Marketers can also assert premium pricing through superior (physical) performance among performance seeking customers. Countries like Great Britain that control pricing on pharmaceutical products will permit a company to charge a premium if they can prove, via clinical evidence, that the company’s drug performs (significantly) better than standard therapy. An example would be an oncology drug that proves it extends life further than current oncological treatments.
Performance seekers will also willingly pay more for a product that has an established reputation for superior performance. Among consumers, men will pay a premium price for Craftsmen Tools or the Die-Hard Battery (in their day). Households pay premium prices for Michelin steel belted radial tires based upon their perception that these tires perform better on wet roads, negotiating curves, and holding up to potential punctures.
Note, too, that the products mentioned above help define the purchaser in a favorable light. If a man is working with Craftsman tools, then we may think he knows what he’s doing, even if he doesn’t. (We can hear the comedian, Tim Allen, making grunting noises and beating his chest like an alpha primate while he’s handling a Craftsman tool.) Michelin tires on the family car evidence that these are responsible parents who take extra care for their children’s safety.
Additionally, premium pricing can serve to create the perception that the offering is indeed special. Those that purchase couture do not think or feel they are overpaying. Instead, they believe that it sets them apart from those consumers who neither wear nor can afford couture. Note that in this latter case, the clothing provides the same physical benefit of clothing one may purchase off the rack. The difference is the prestige accrued from wearing couture, the association with the designer, and/or how it makes the customer feel about being able to afford premium-priced clothing.

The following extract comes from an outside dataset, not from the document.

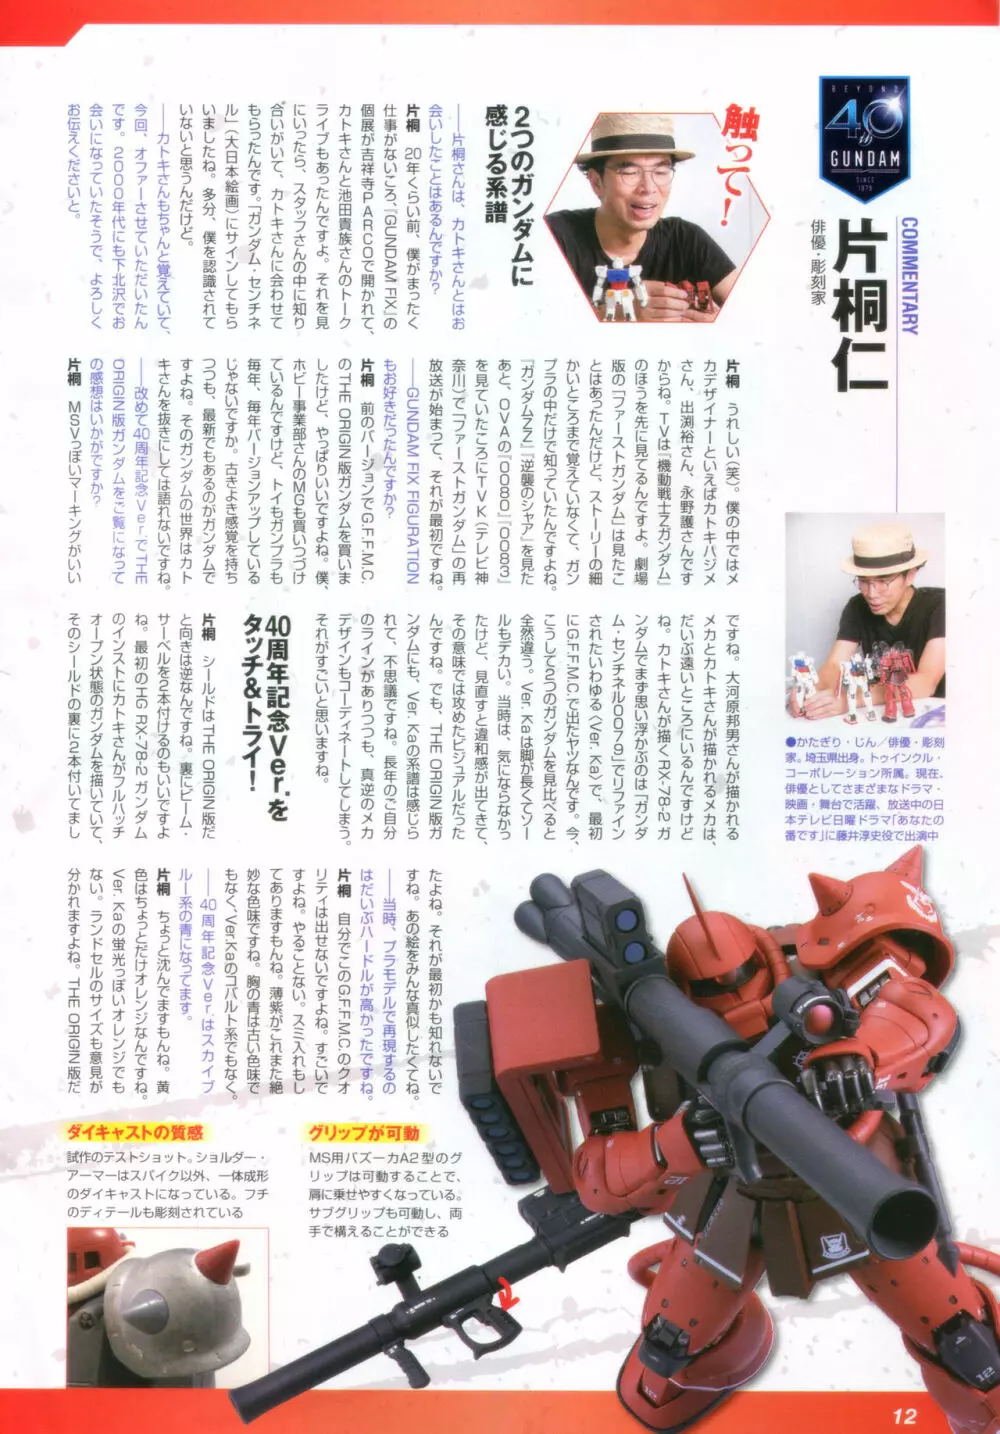 Gundam Ace – October 2019 15ページ

A classic example of using premium pricing to create a premium perception for a staple is L’Oréal. What is the difference between using L’Oréal products for beauty care than competitive products? Will one be more beautiful than using Dove? Ah, but L’Oréal capitalized on a belief that one should not skimp on beauty care products. You get what you pay for. Thus, the distinctive premium positioning and classic, iconic campaign, “Because you’re worth it.”
Where premium pricing is successful, the markers have found the key to creating customer perceptions that make them feel that, despite the premium price, they are purchasing or dealing with a “value brand.”
All of the pricing strategies have merits. The one we choose needs to marry needs with brand capabilities. Many marketers view premium pricing as a disadvantage. That’s because they don’t know how to create a premium impression. Indeed, if the marketer has the skills to effect a premium priced strategy, it is the one we’d advocate. Why? It provides higher margins and penny profit, which can be used to fuel continued investment in product development and marketing initiatives.
Make your pricing strategy an integral part of your brand positioning strategy and marketing.